Information provided:

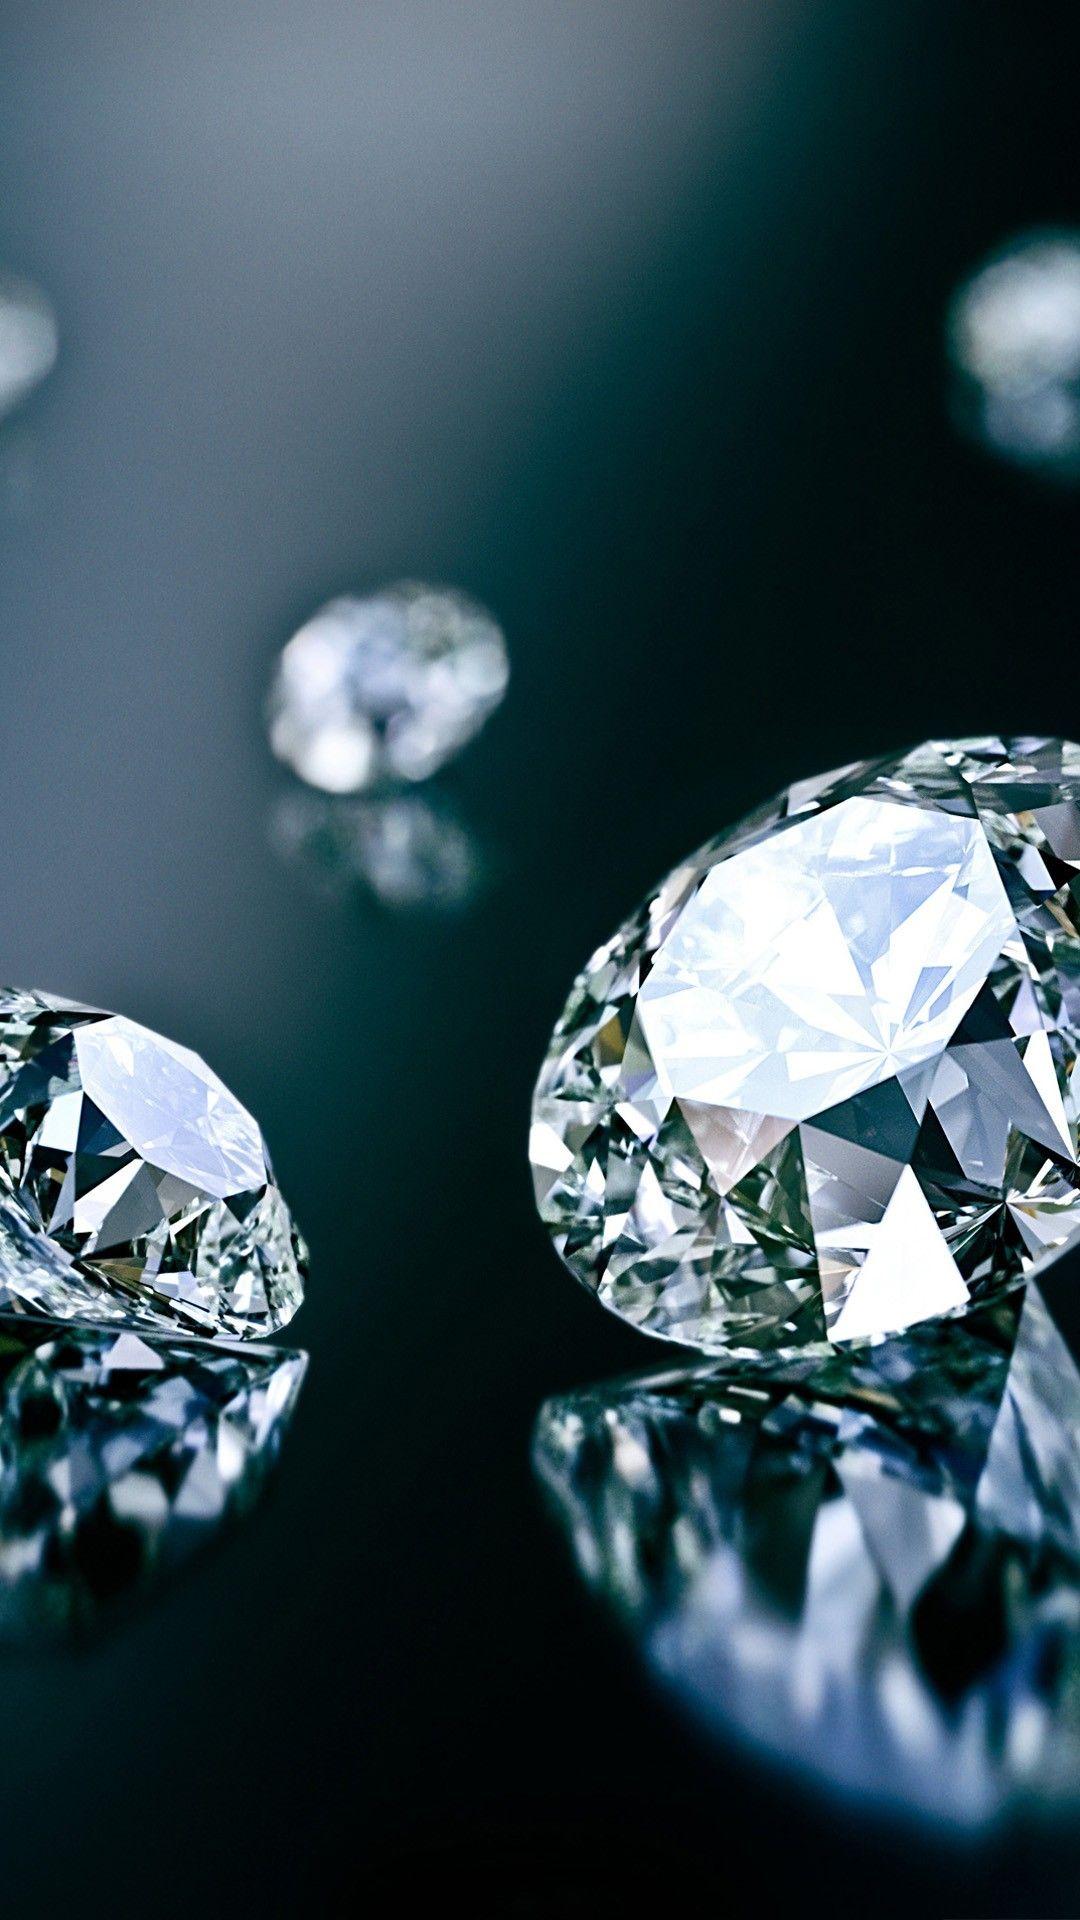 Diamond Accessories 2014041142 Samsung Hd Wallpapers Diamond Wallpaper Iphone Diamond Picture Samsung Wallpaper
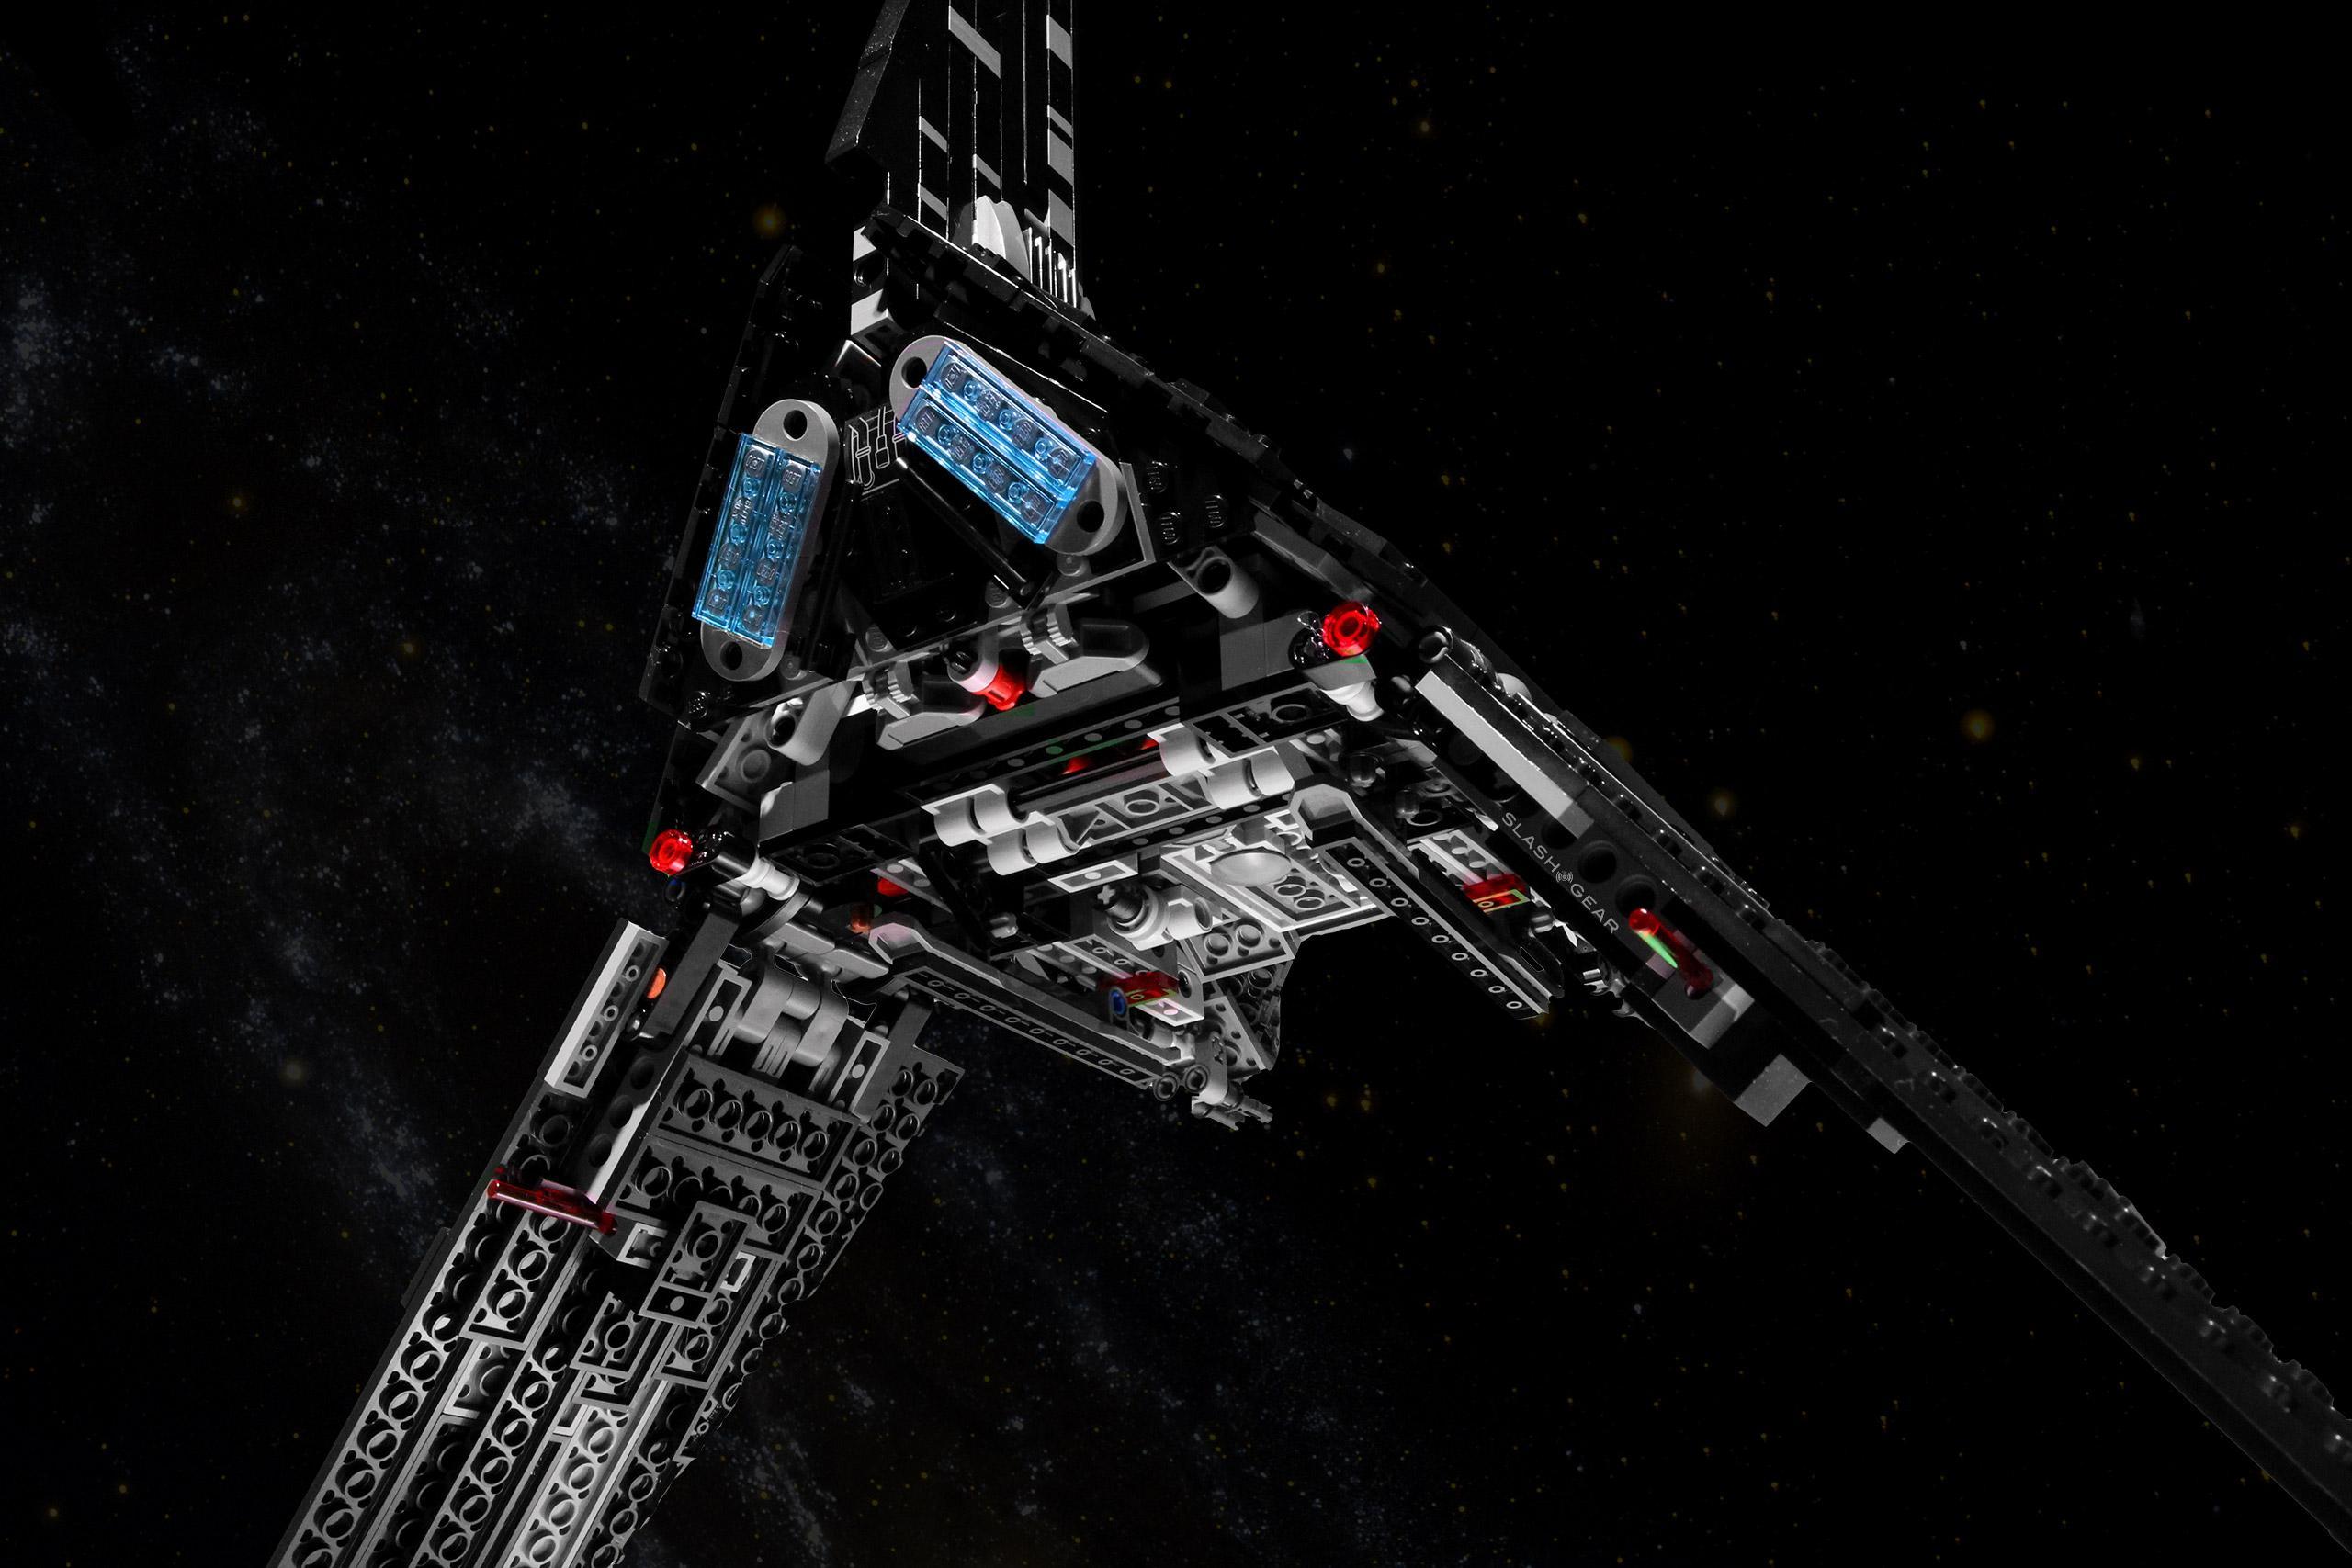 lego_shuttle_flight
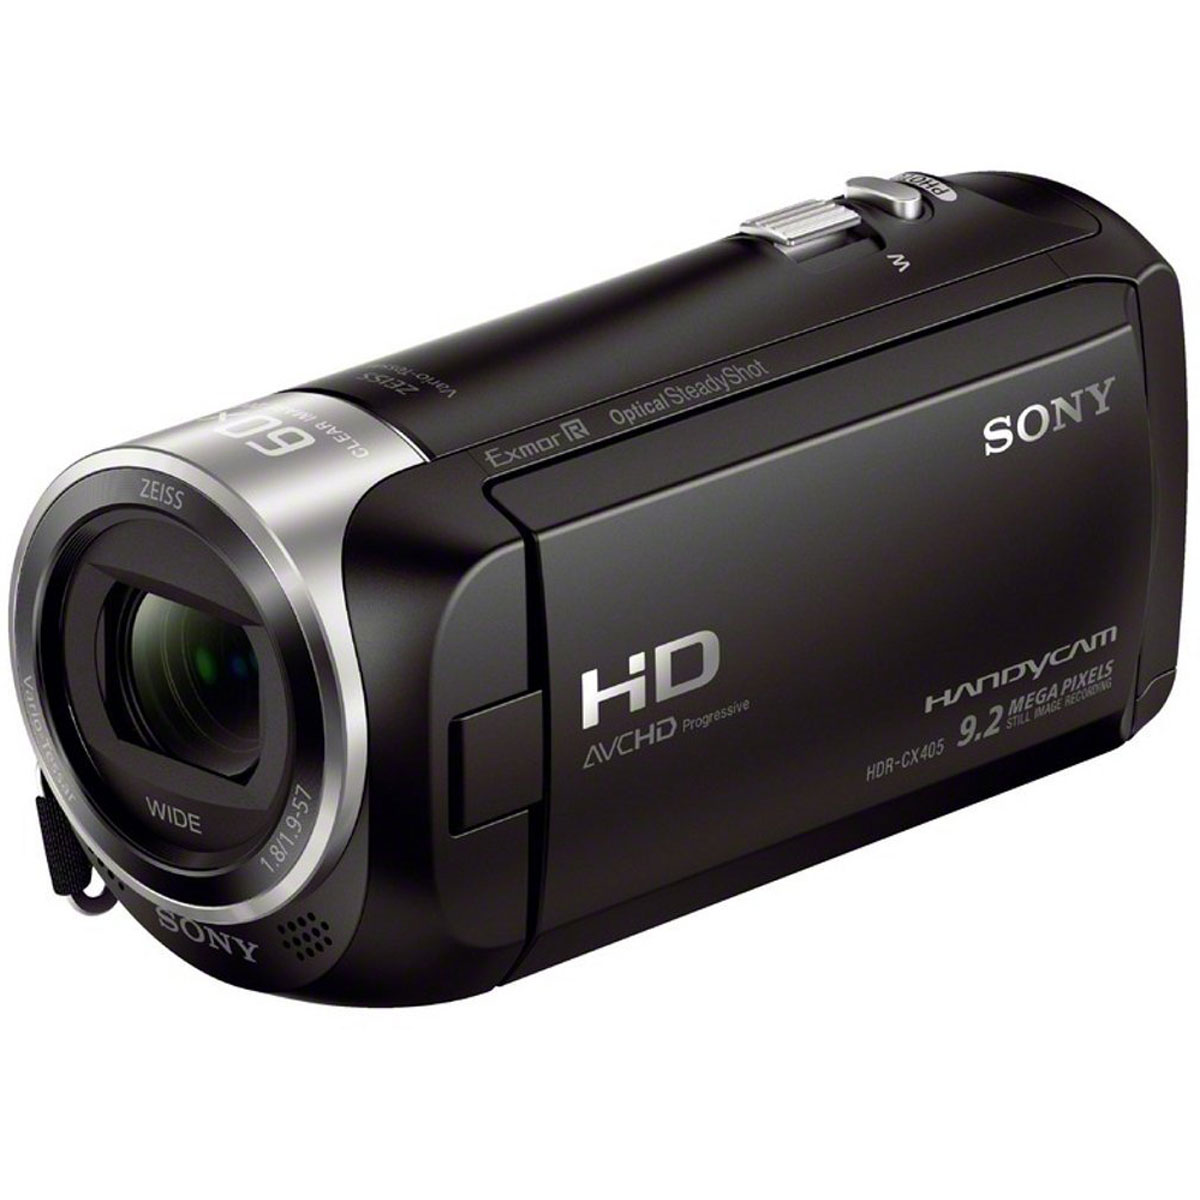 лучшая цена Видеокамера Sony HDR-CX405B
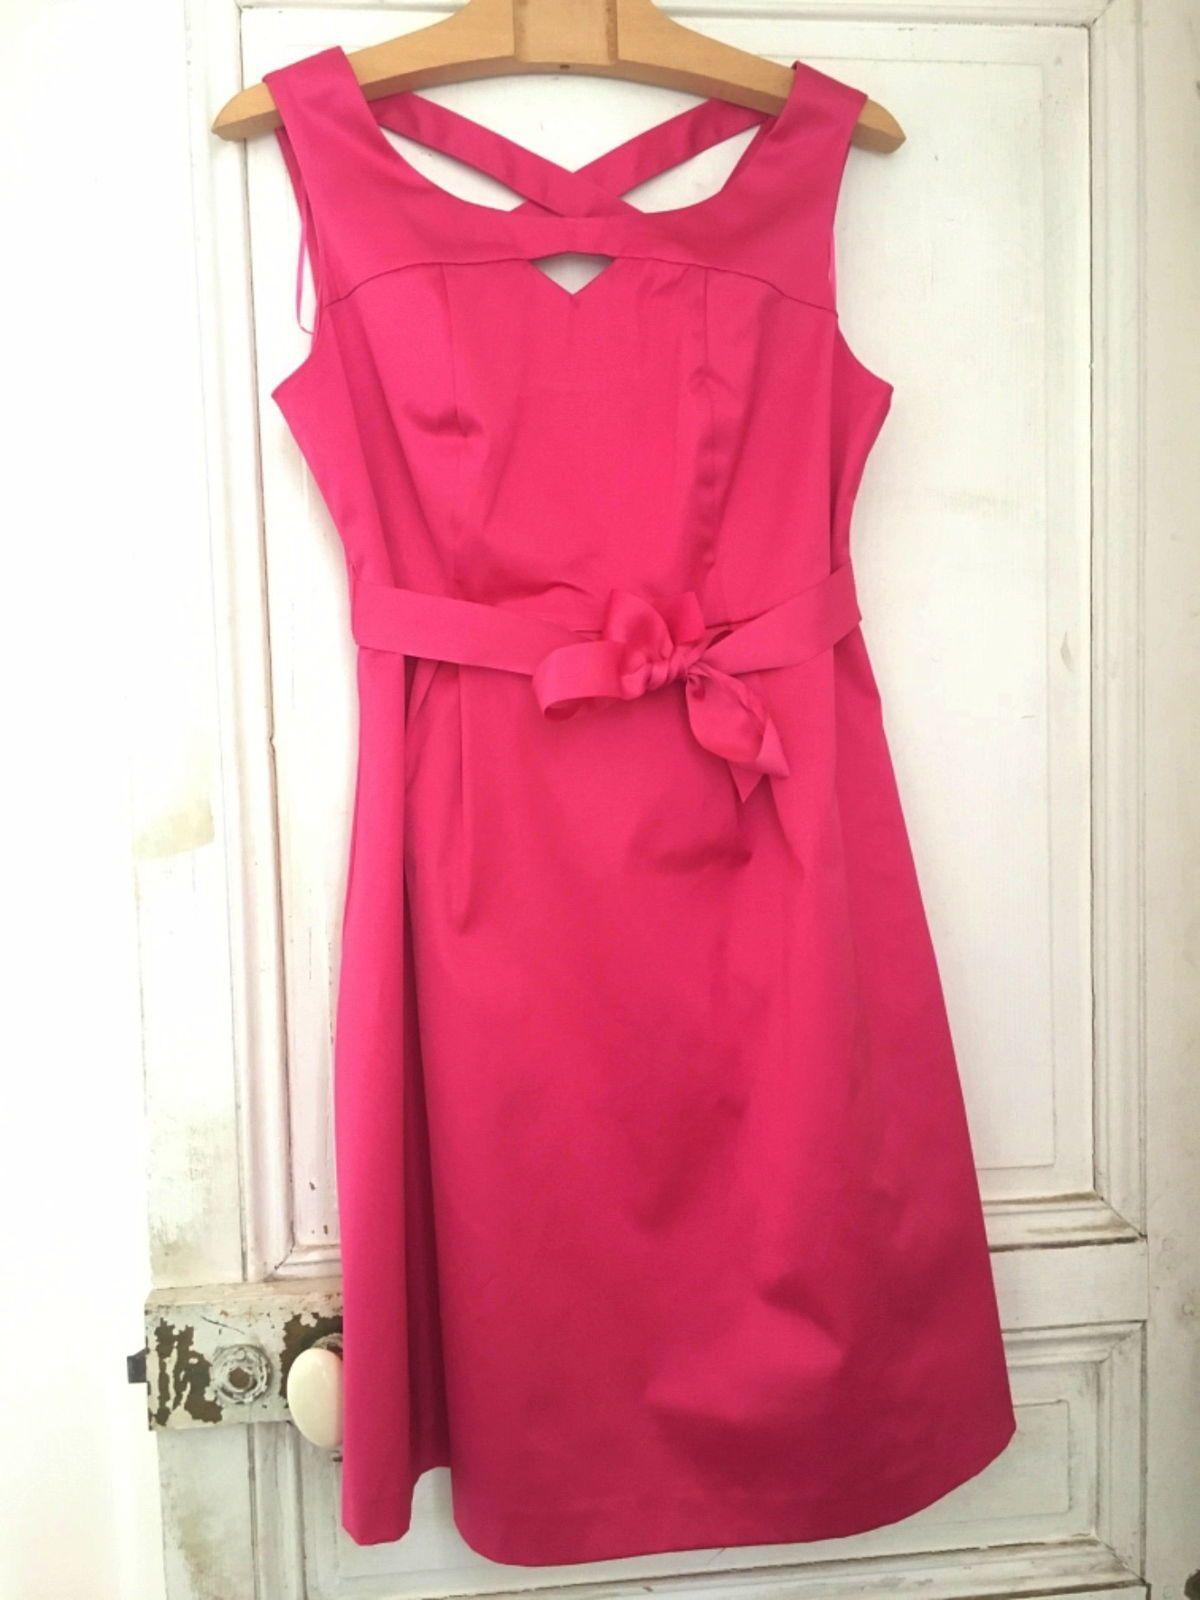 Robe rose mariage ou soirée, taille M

About this exercise: Transcribe the listing exactly. Its images are to be omitted.

Task answer:
 Diamond Accessories 2014041142 Samsung Hd Wallpapers Diamond Wallpaper Iphone Diamond Picture Samsung Wallpaper
 lego_shuttle_flight
 лучшая цена Видеокамера Sony HDR-CX405B
 Robe rose mariage ou soirée, taille M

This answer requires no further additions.